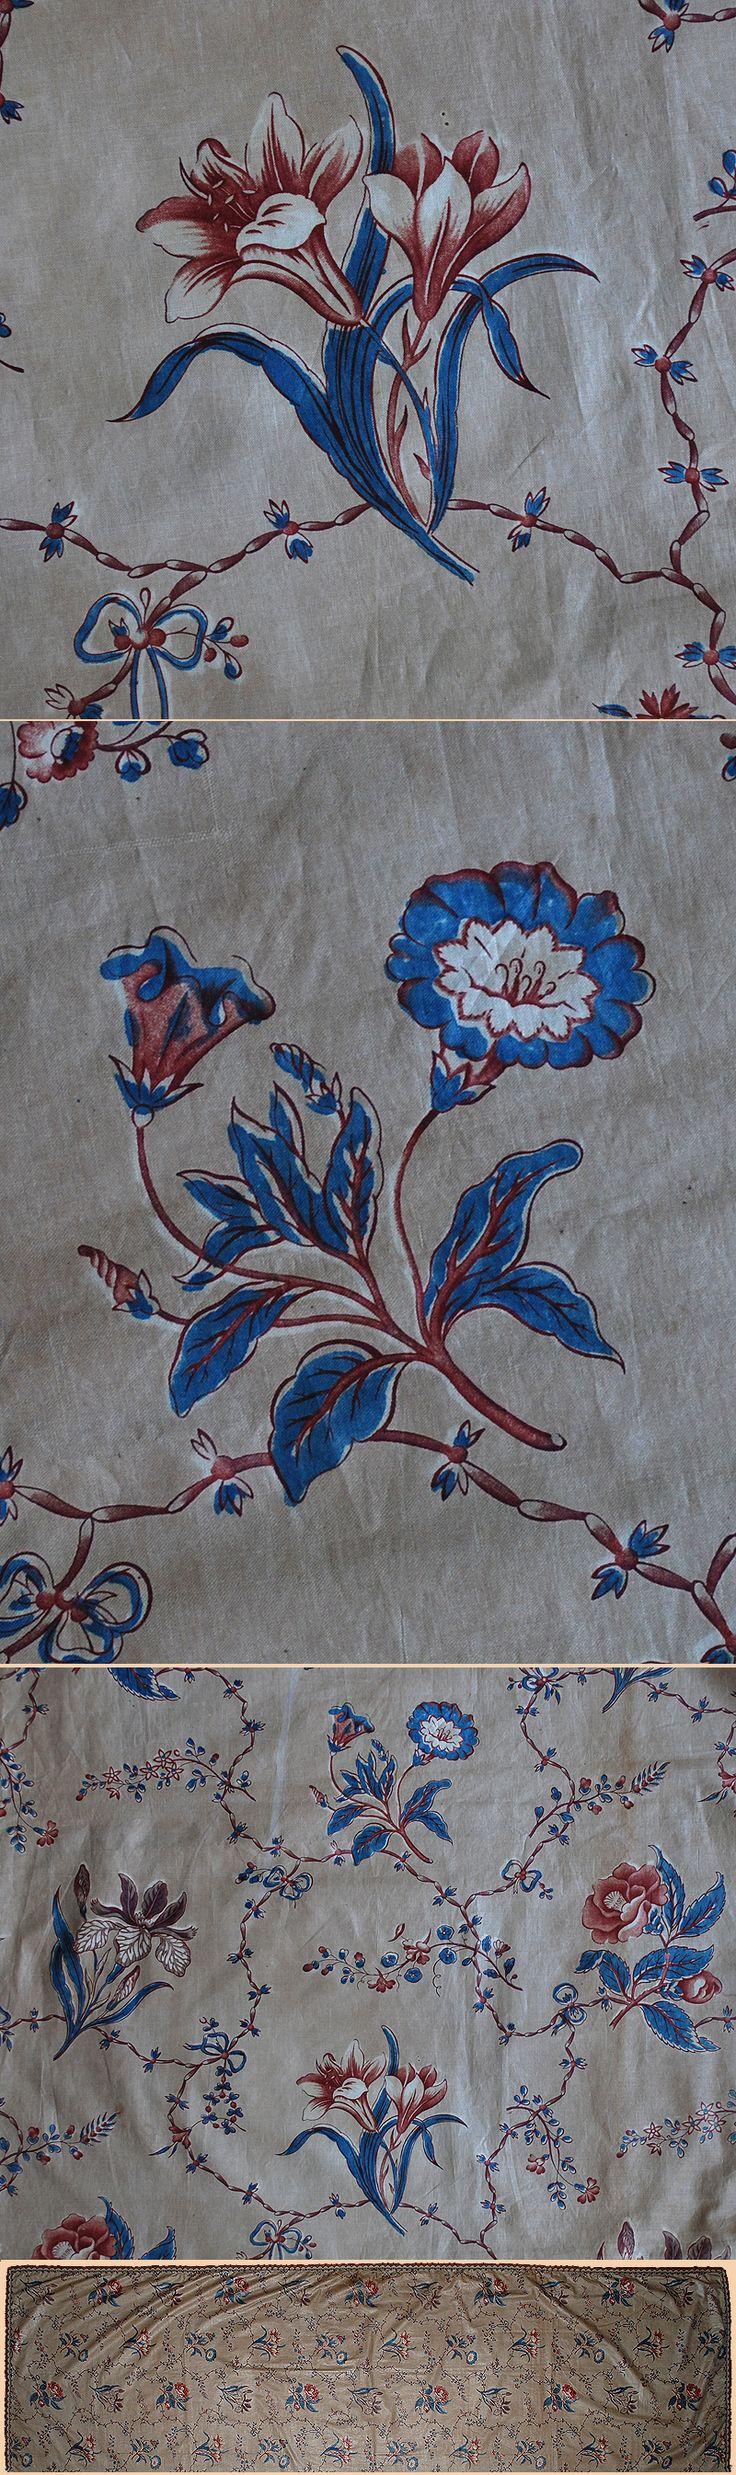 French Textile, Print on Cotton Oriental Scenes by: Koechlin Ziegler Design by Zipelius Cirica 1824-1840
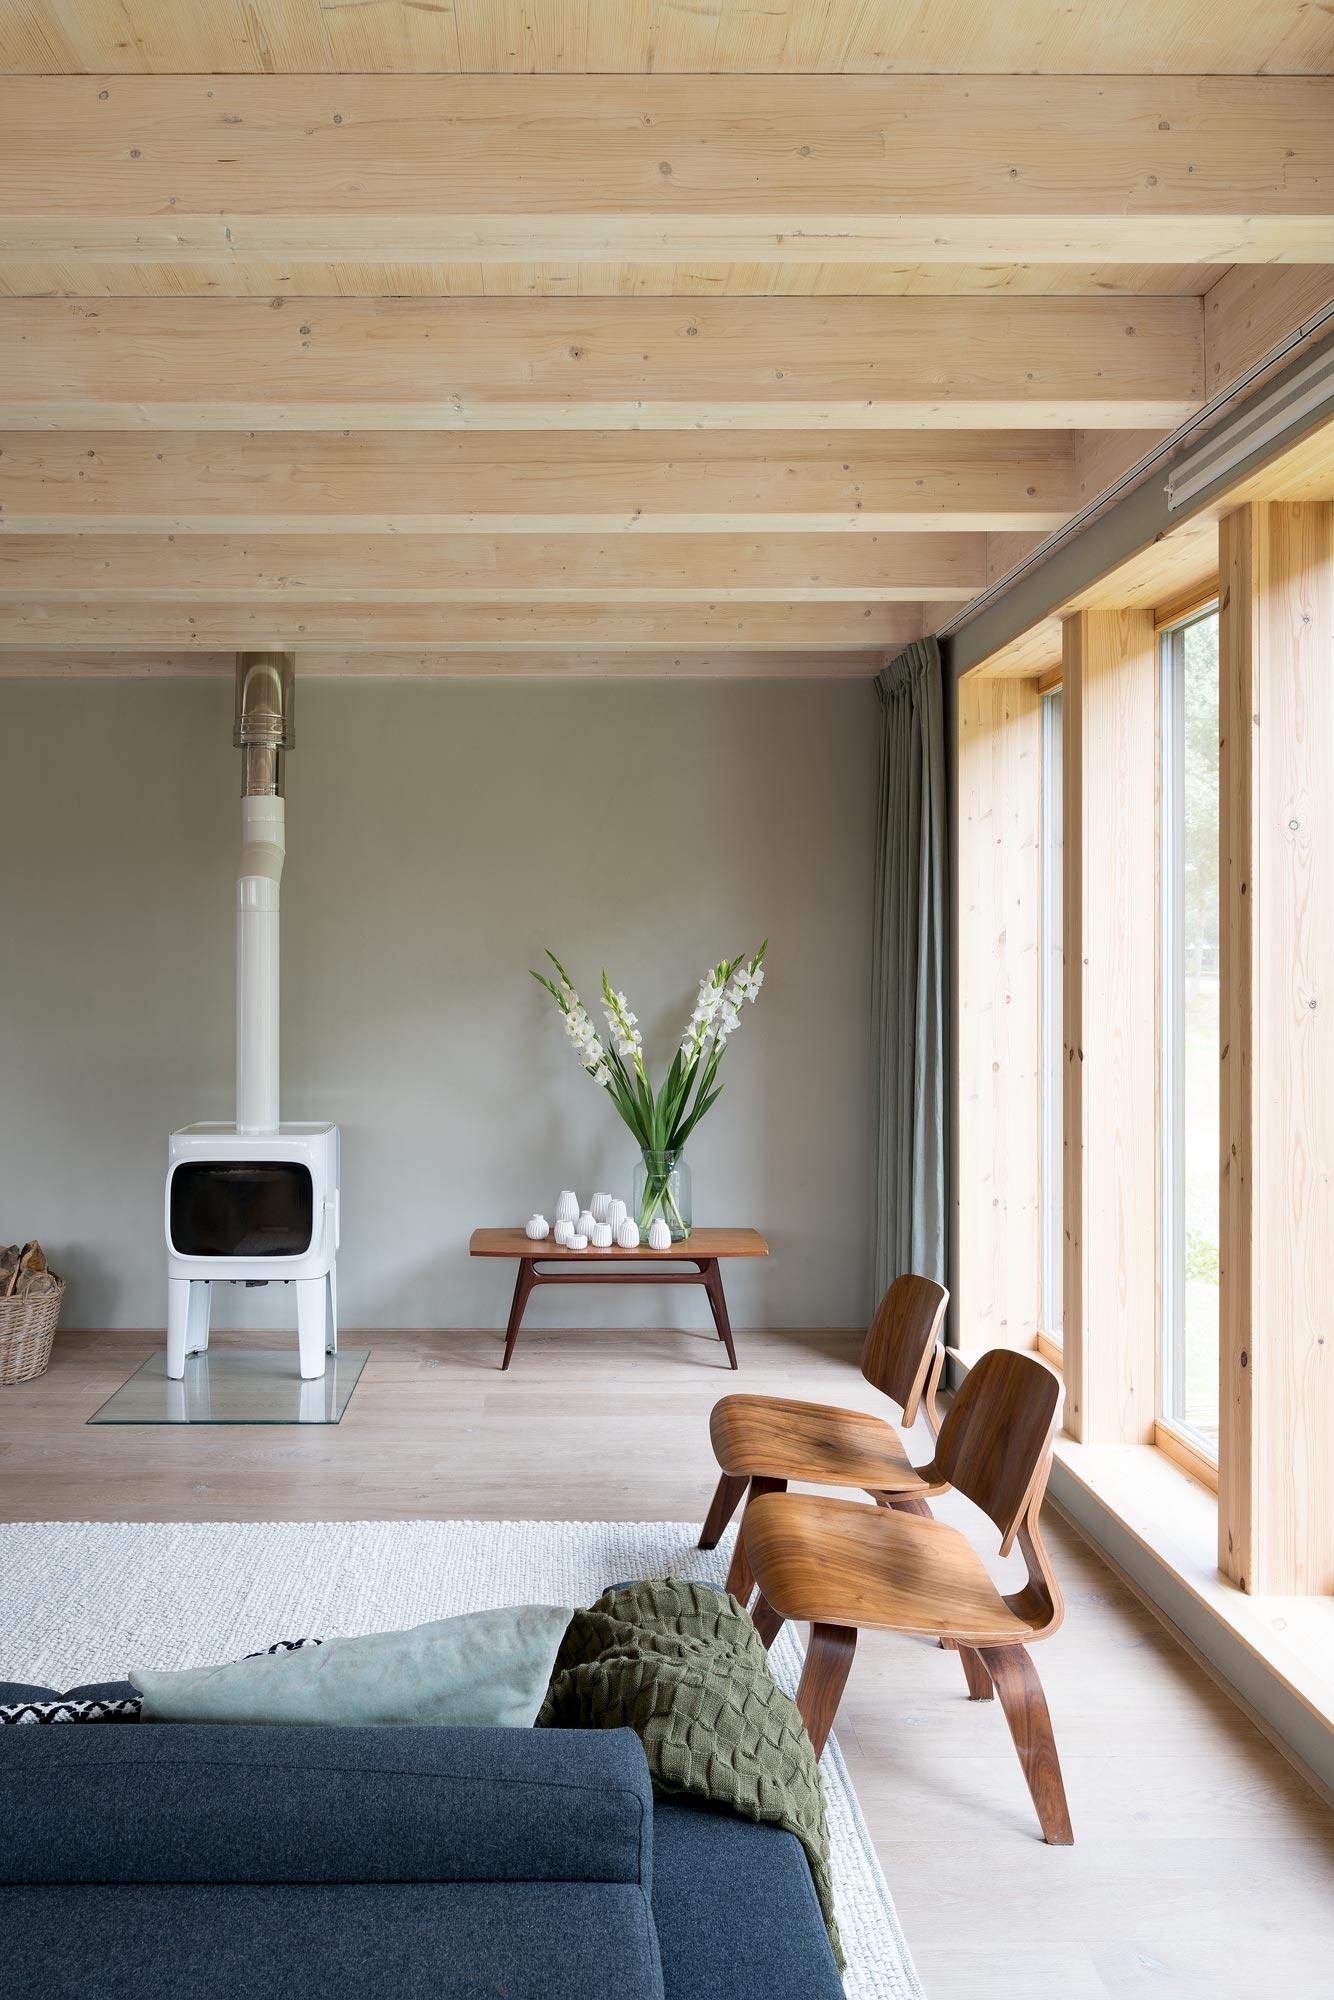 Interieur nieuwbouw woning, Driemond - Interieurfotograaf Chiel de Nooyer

==

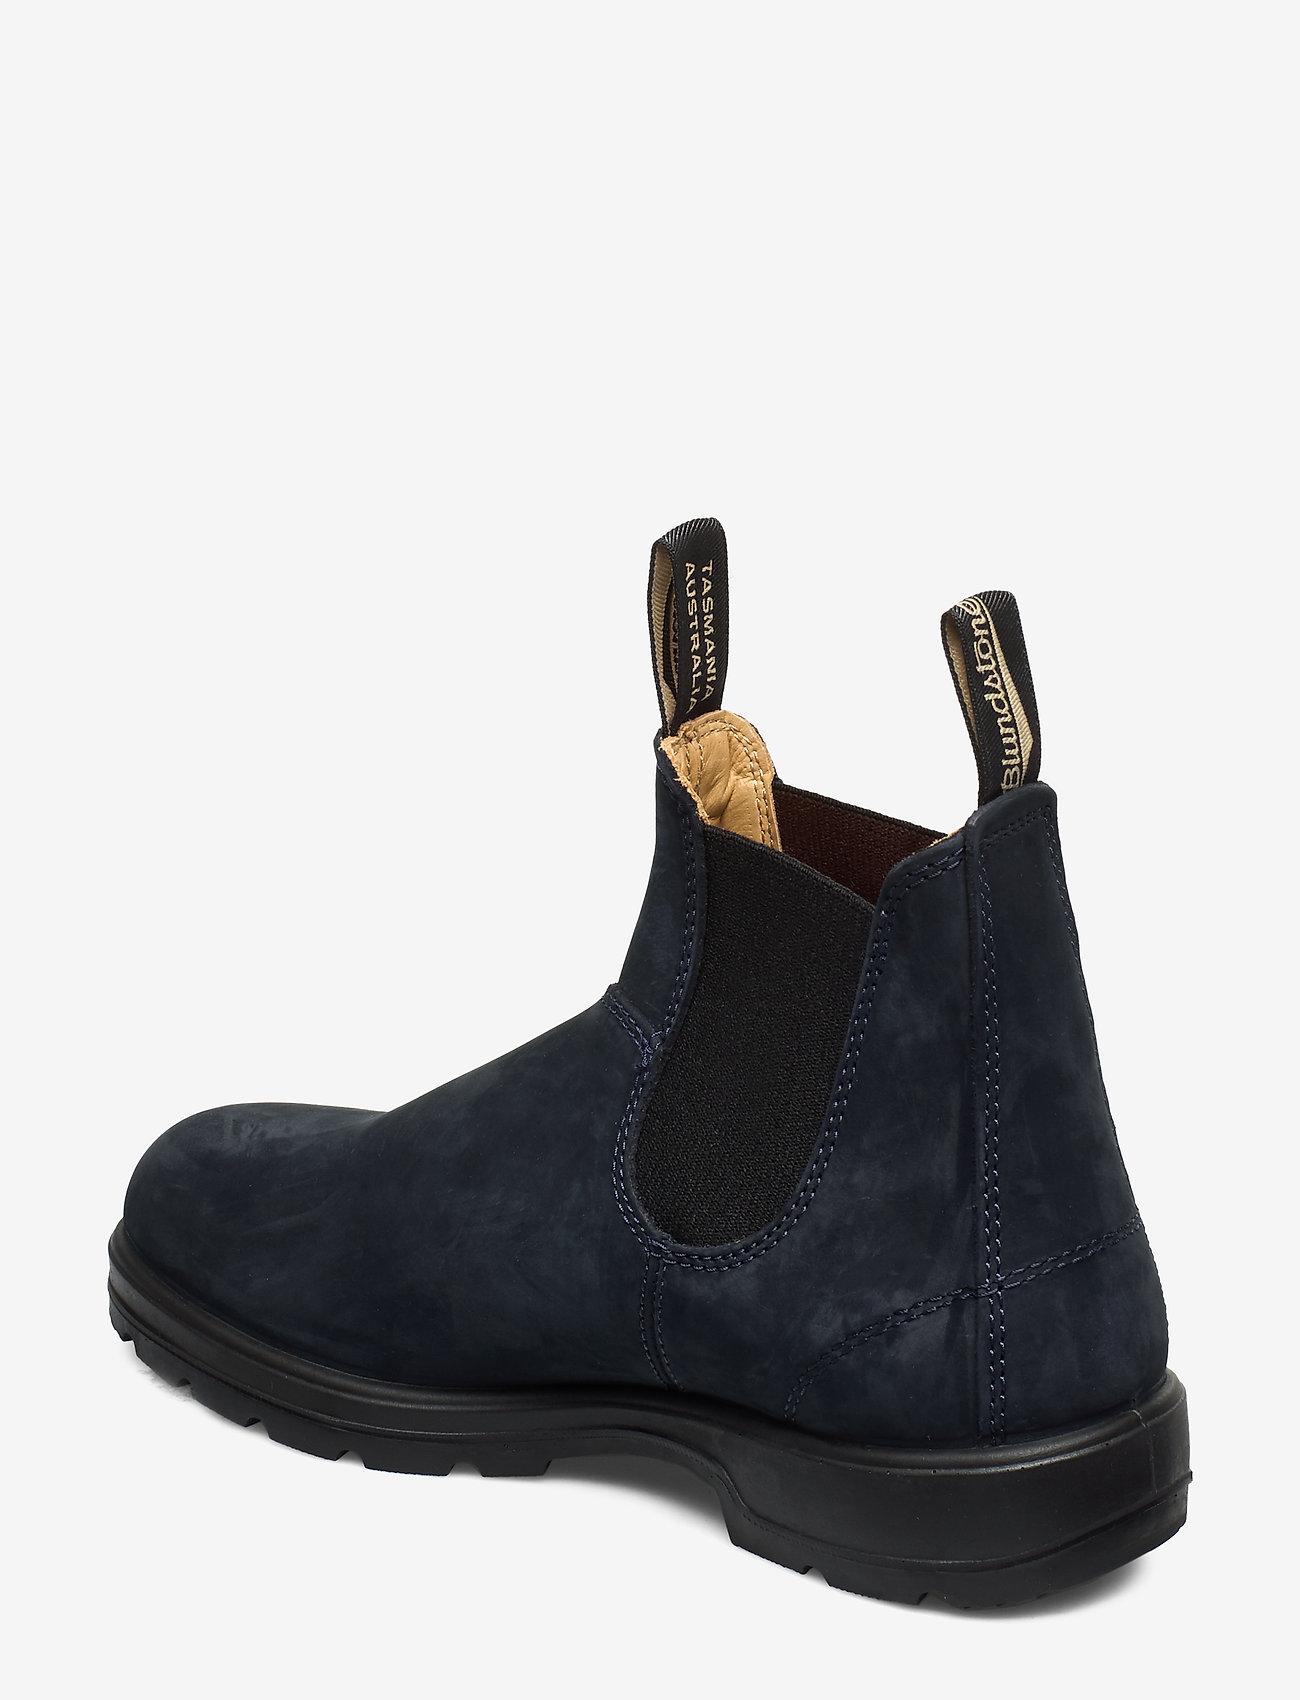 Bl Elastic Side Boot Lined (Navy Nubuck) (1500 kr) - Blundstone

---

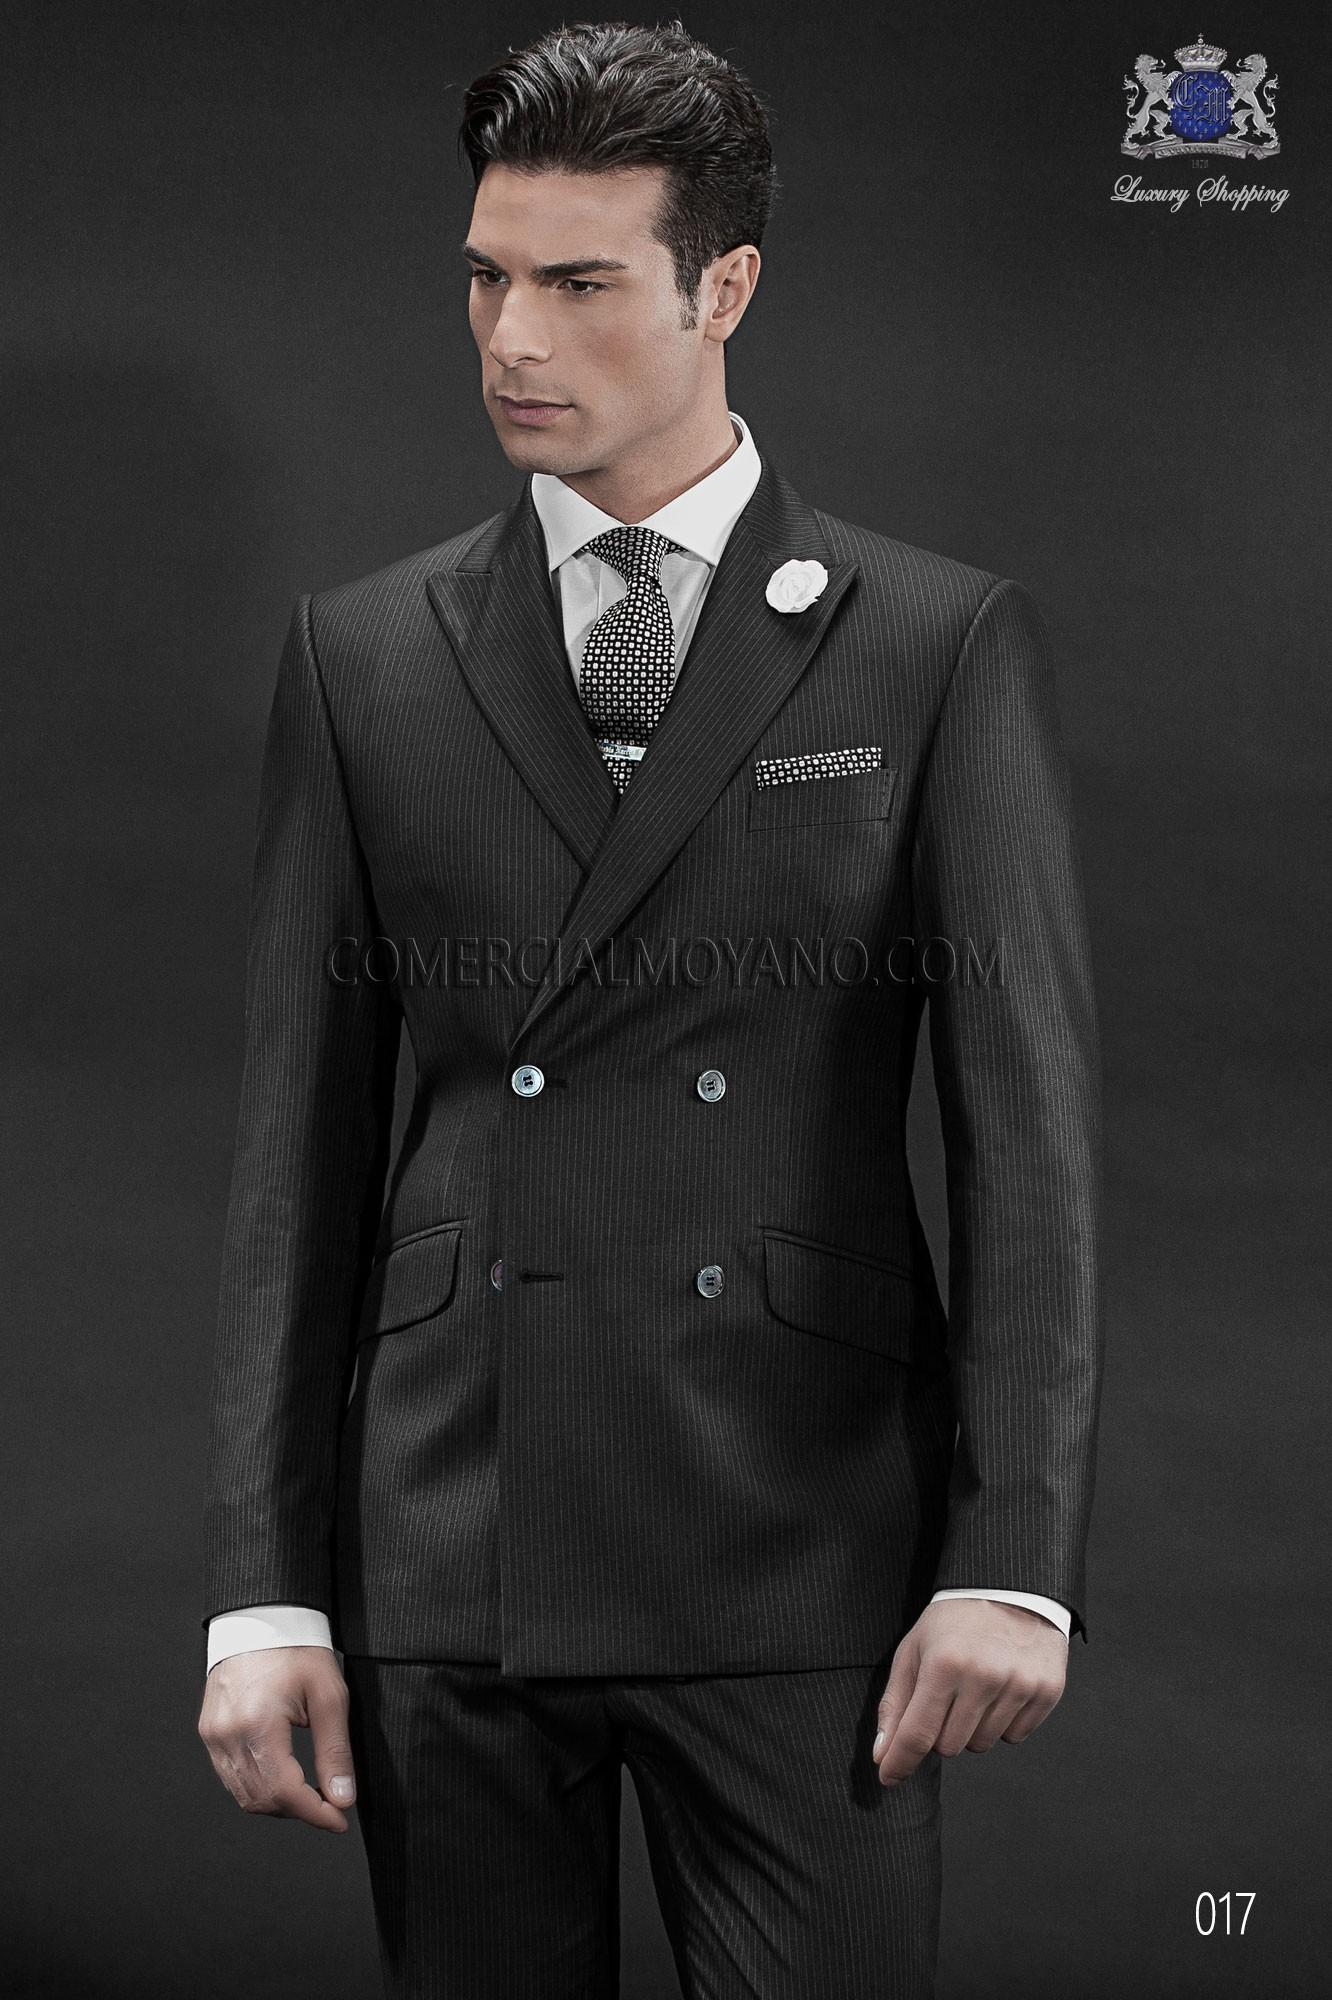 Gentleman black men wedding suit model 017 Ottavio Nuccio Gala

To do
Would you transcribe the lines above exactly, going from the line bearing "French Textile, Print" through the line bearing "Interieur nieuwbouw woning, Driemond", and drop the pictures from the copy?

Output
 French Textile, Print on Cotton Oriental Scenes by: Koechlin Ziegler Design by Zipelius Cirica 1824-1840
 Interieur nieuwbouw woning, Driemond - Interieurfotograaf Chiel de Nooyer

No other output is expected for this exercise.